The watchdog timer feature enables a two-step watchdog mechanism on hardware. It consists of a lower-level system layer provided by the driver, that exposes a DDI, and a higher-level layer that hides the DDI and provides an easier API for any user program. The watchdog itself has two steps:
If the watchdog is not patted within a certain delay, an interrupt handler provided by the system is invoked. This interrupt handler attempts to shut down the system and to perform a system dump of the node to collect evidence of the problem.
If the interrupt step gets stuck or lasts too long, the watchdog resets the board, causing it to reboot.
The watchdog is either started by the system at system initialization or possibly by the boot loader.

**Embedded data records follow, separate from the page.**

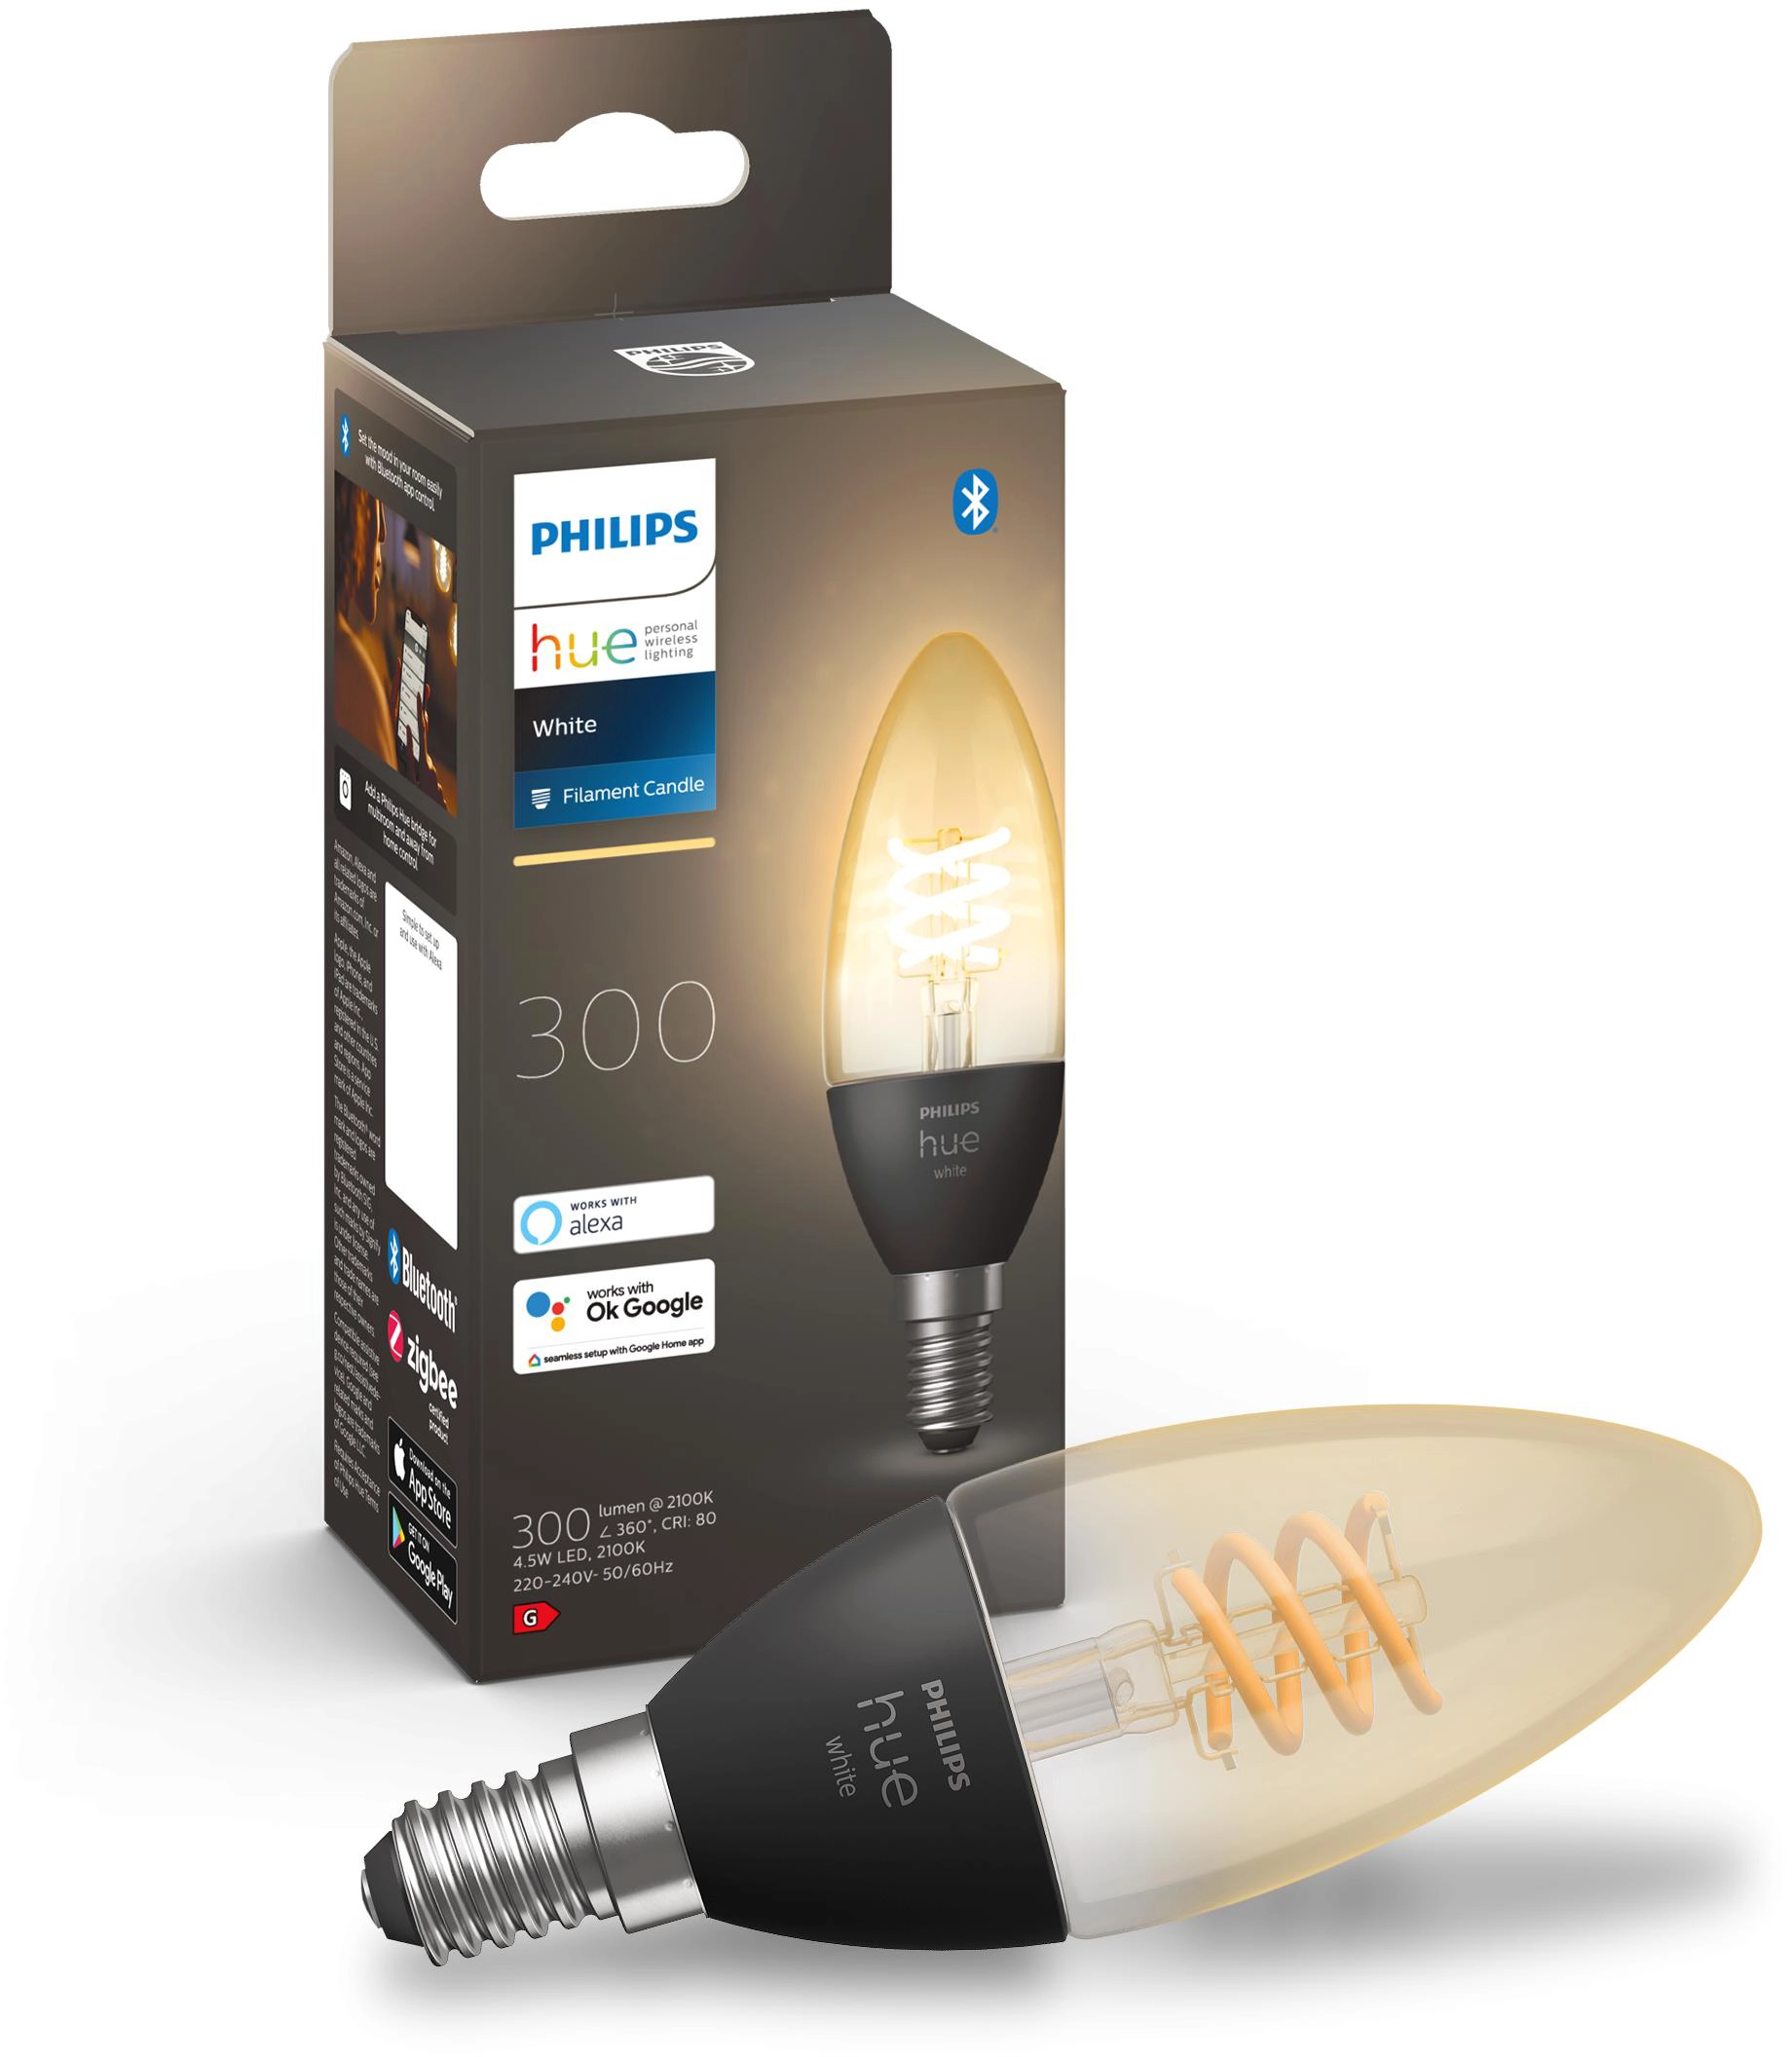 WiZ Ampoule LED Mate forme de bougie E14 Wi-fi Bluetooth 4,8 W / 470 lm
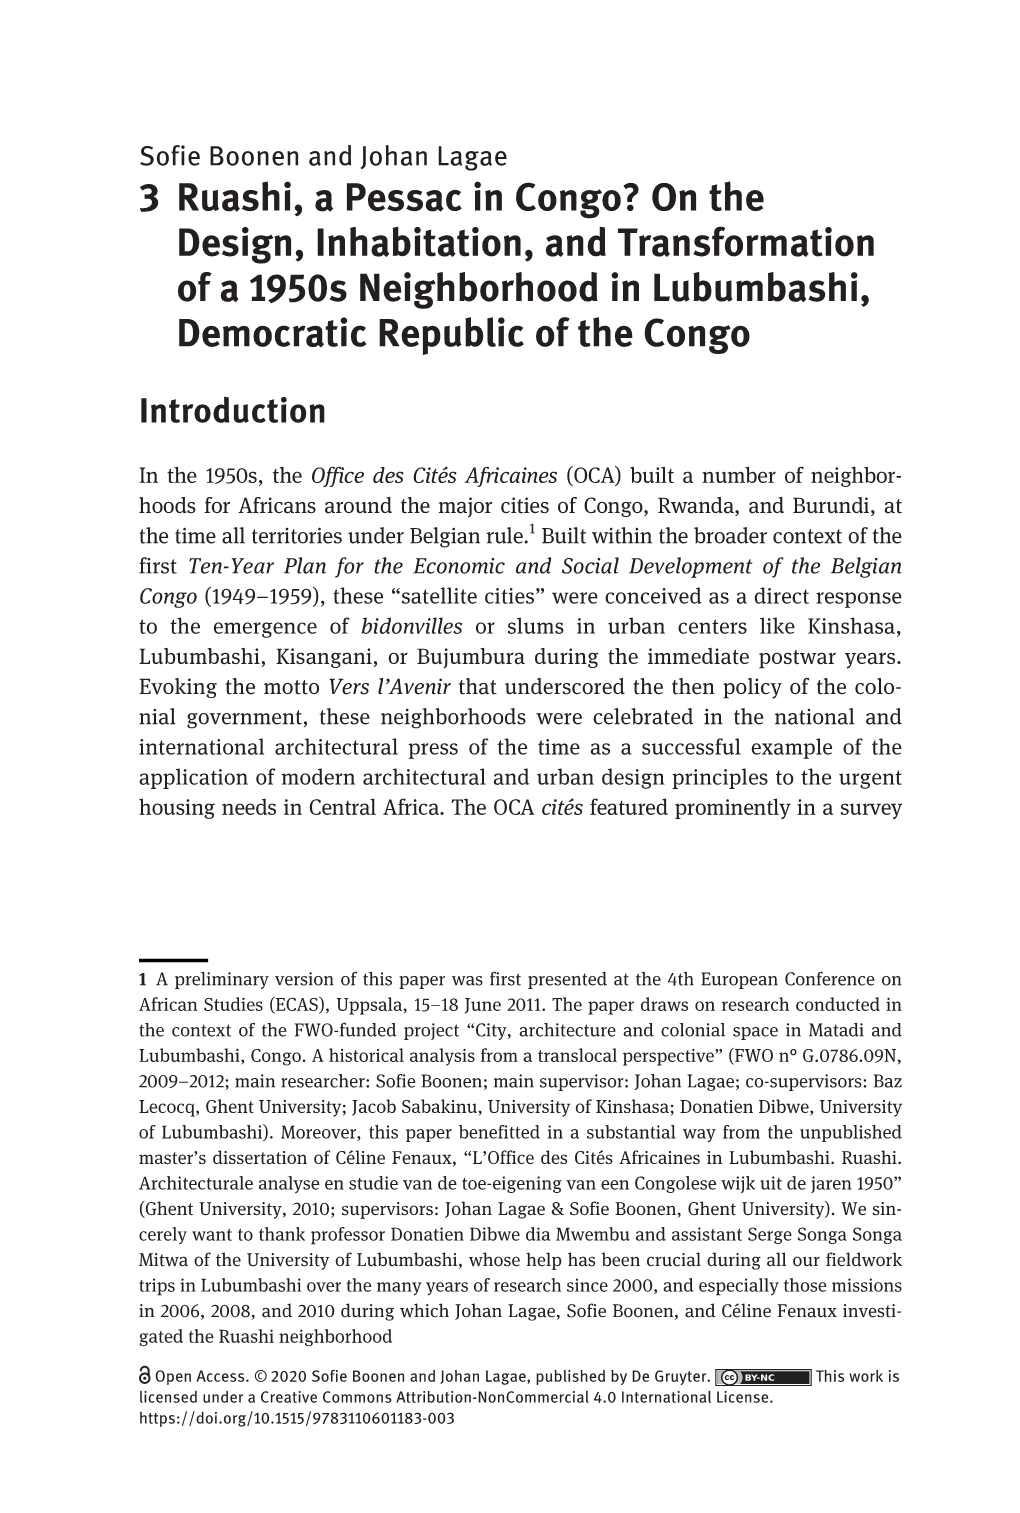 3 Ruashi, a Pessac in Congo? on the Design, Inhabitation, and Transformation of a 1950S Neighborhood in Lubumbashi, Democratic Republic of the Congo
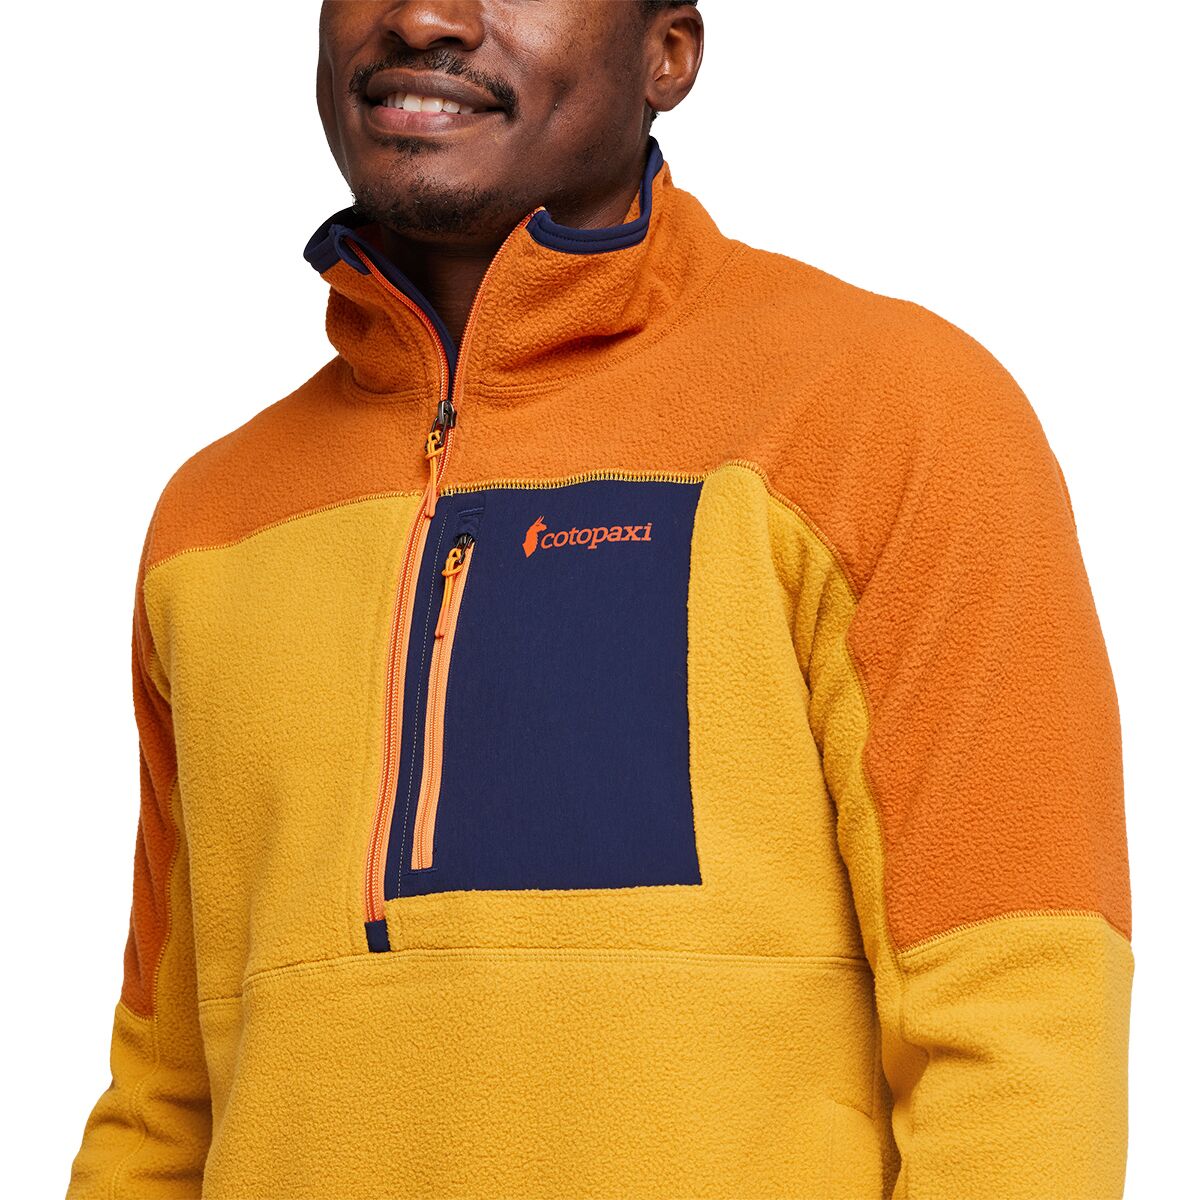 Cotopaxi Abrazo Half-Zip Fleece Jacket - Men's Maritime & Birch, XL

It is expected that a dedicated user-level process will be responsible for patting the watchdog throughout the normal life of the system. A failure in the patting process will lead to the interrupt step of the watchdog mechanism.
To cope gracefully with transitions at initialization time, as well as at system shut-down time, the system is designed to pat the watchdog by itself for a configurable amount of time at system initialization and system shut down. During these periods, where a patting process in user mode might not be possible, the system will play that role implicitly. However, the duration of these initialization and shut-down periods is bound to system configurable values, so it is impossible for initialization to reach the point where the user-level patting process begins without the watchdog interrupt occurring. Similarly, shut down is guaranteed to be bound, or the watchdog interrupt will occur.
Some hardware can support more than one watchdog. The API copes with such situations by associating handles to watchdogs. The WDT feature API is similar to the watchdog API for the Solaris operating environment.
For details on watchdog timer, see the WDT(5FEA) man page.
The watchdog timer API is summarized in the following table:
Function |
Description |
---|---|
wdt_pat() |
Pat (reload) the watchdog timer |
wdt_alloc() |
Allocate a watchdog timer |
wdt_realloc() |
Reallocate a watchdog timer |
wdt_free() |
Disarm and free a watchdog timer |
wdt_get_maxinterval() |
Get the maximum limit (hardware) of a watchdog |
wdt_set_interval() |
Set the interval duration of a watchdog |
wdt_get_interval() |
Get the interval duration of a watchdog |
wdt_arm() |
Arm a watchdog |
wdt_disarm() |
Disarm a watchdog |
wdt_is_armed() |
Check whether a watchdog is armed |
wdt_startup_commit() |
Tells the system the initialiazation phase is over |
wdt_shutdown() |
Tells the system to start patting for shut down |
The wdt_realloc() function enables a process to regain control over a watchdog allocated by a possibly dead process.